#### COLLECTED DATA
******************************
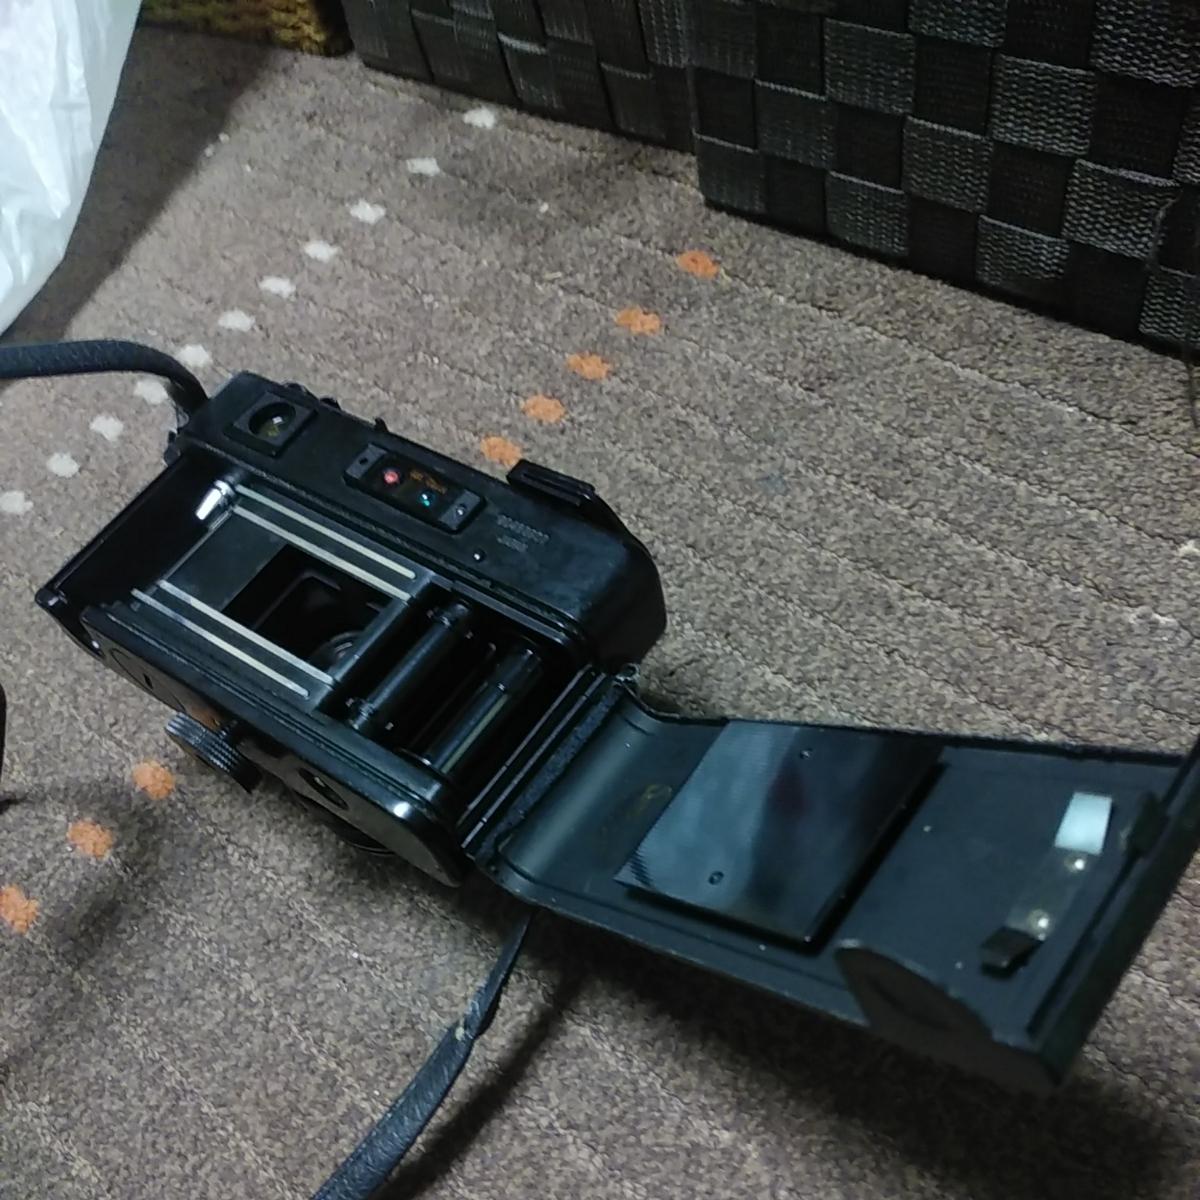 ヤシカ エレクトロ 35 GT/Electro 35 シャッターのみ動作確認済 used!_画像5
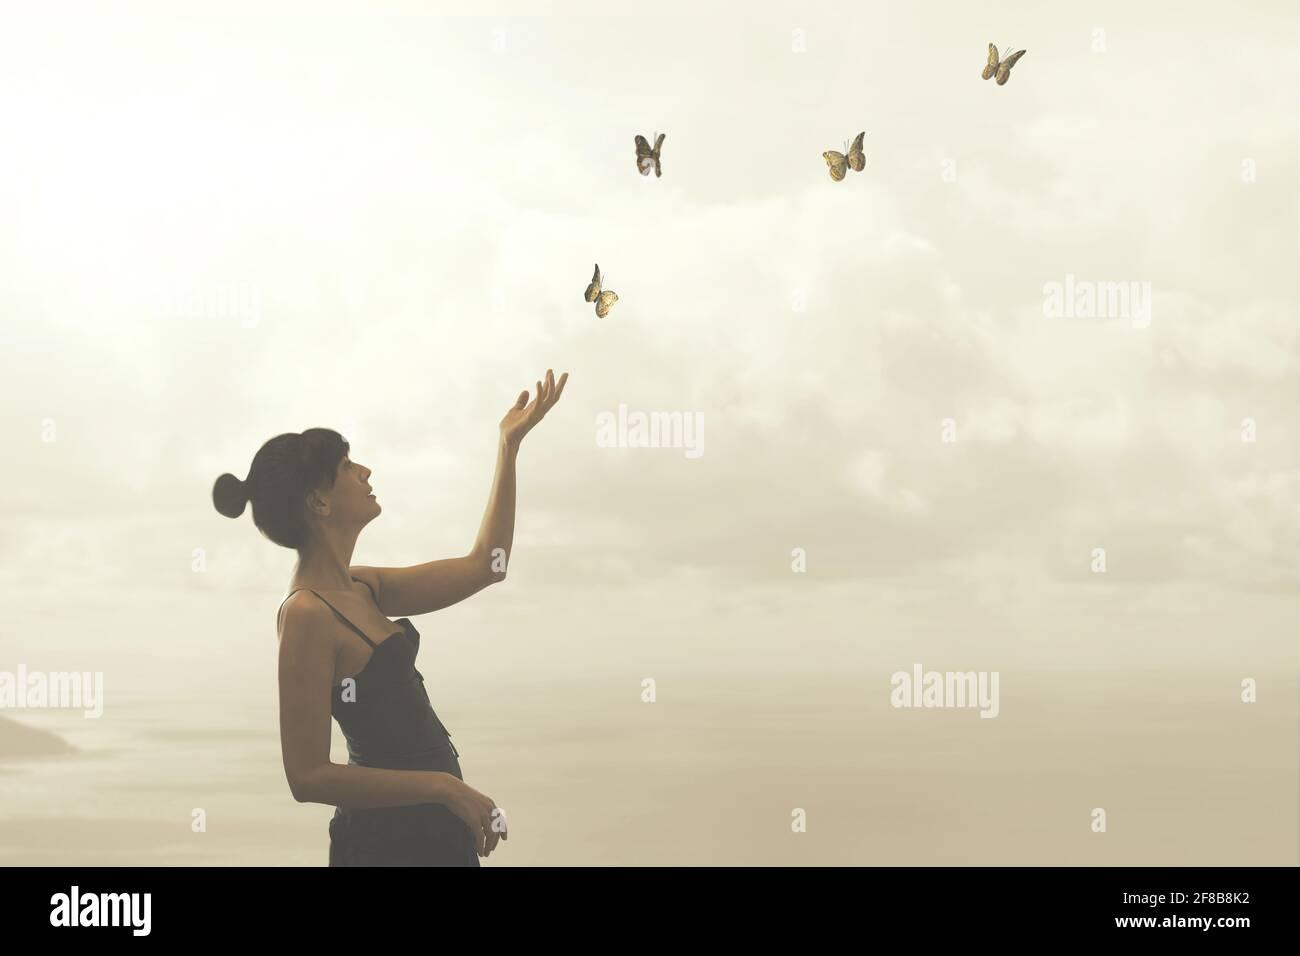 la femme touche doucement les papillons volants libres Banque D'Images
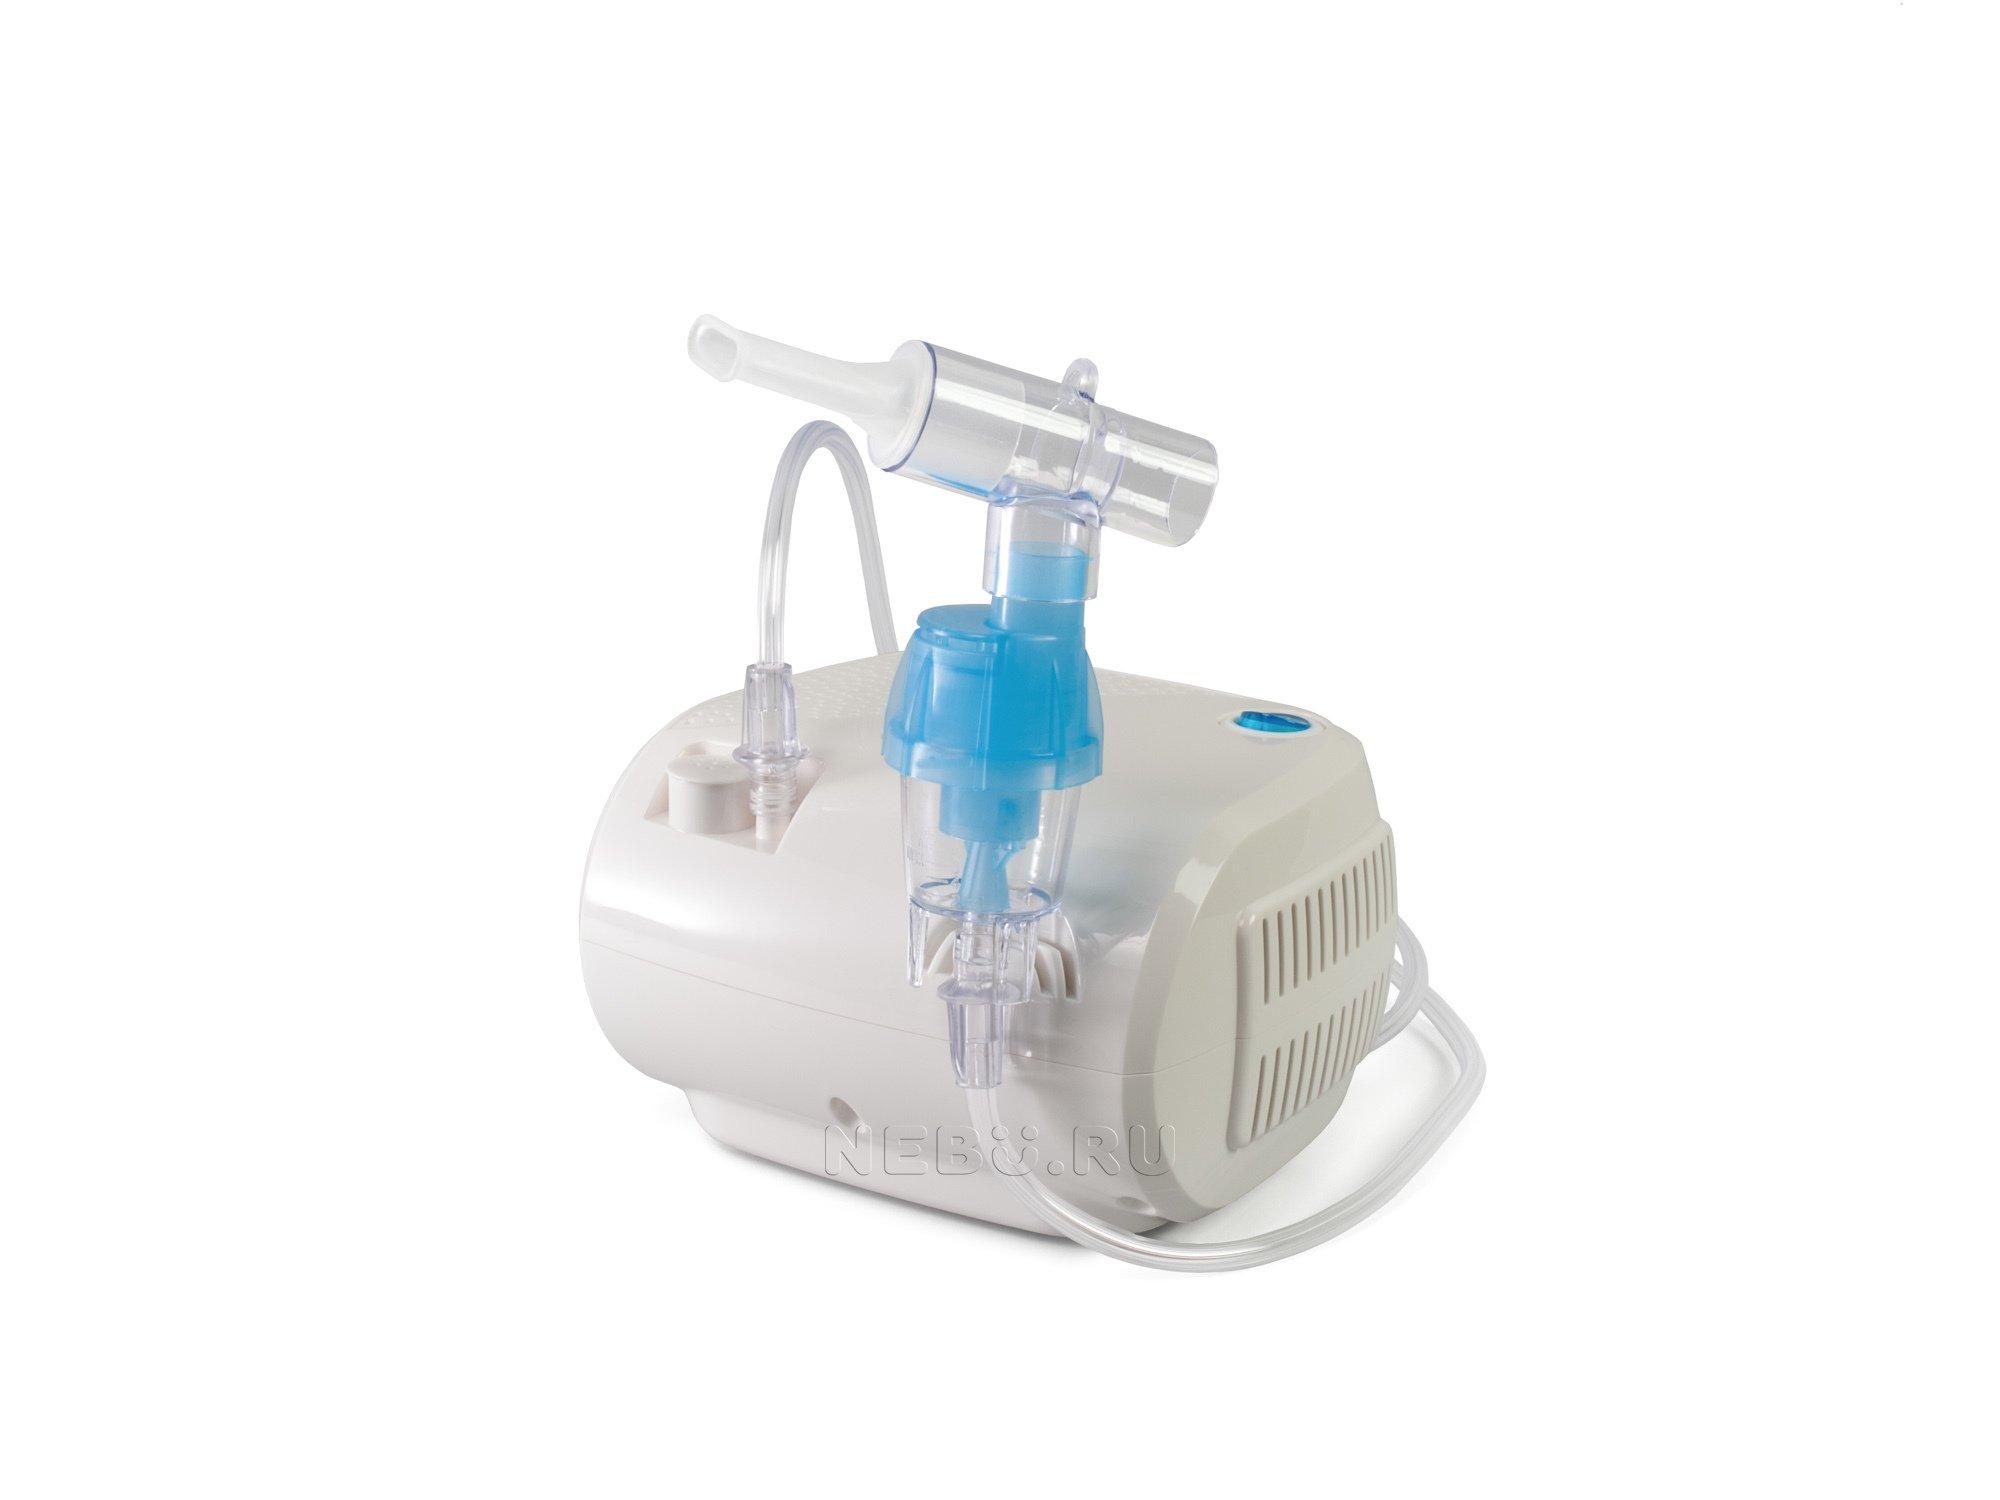 Смягчить горло и улучшить выведение мокроты можно с помощью ингаляций
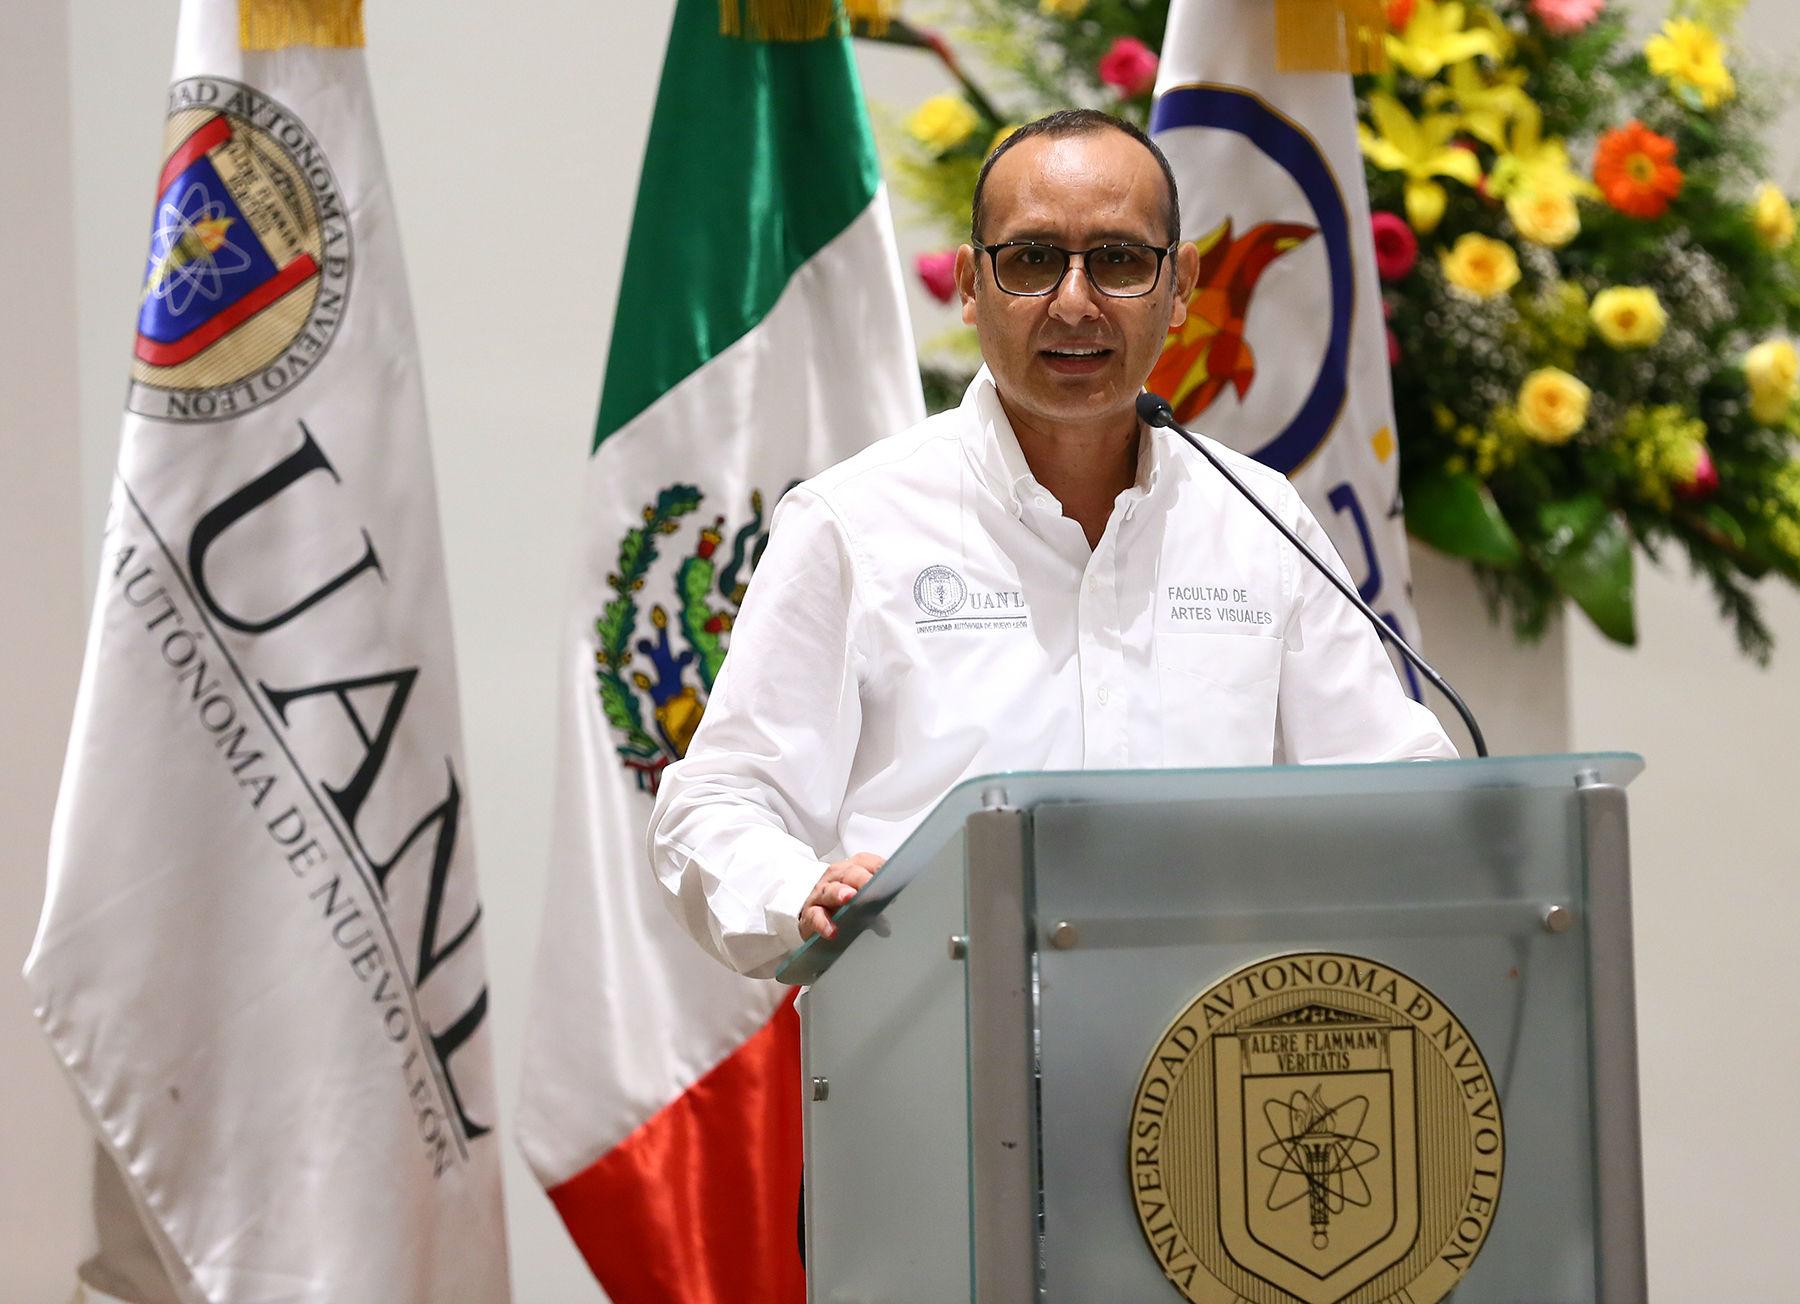 Juan Francisco García Hernández, Director de la Facultad de Artes Visuales
******************************
Everything in the material goes into the copy exactly, except the images.

#### TASK ANSWER
 ヤシカ エレクトロ 35 GT/Electro 35 シャッターのみ動作確認済 used!_画像5
 la femme touche doucement les papillons volants libres Banque D'Images
 Смягчить горло и улучшить выведение мокроты можно с помощью ингаляций
 Juan Francisco García Hernández, Director de la Facultad de Artes Visuales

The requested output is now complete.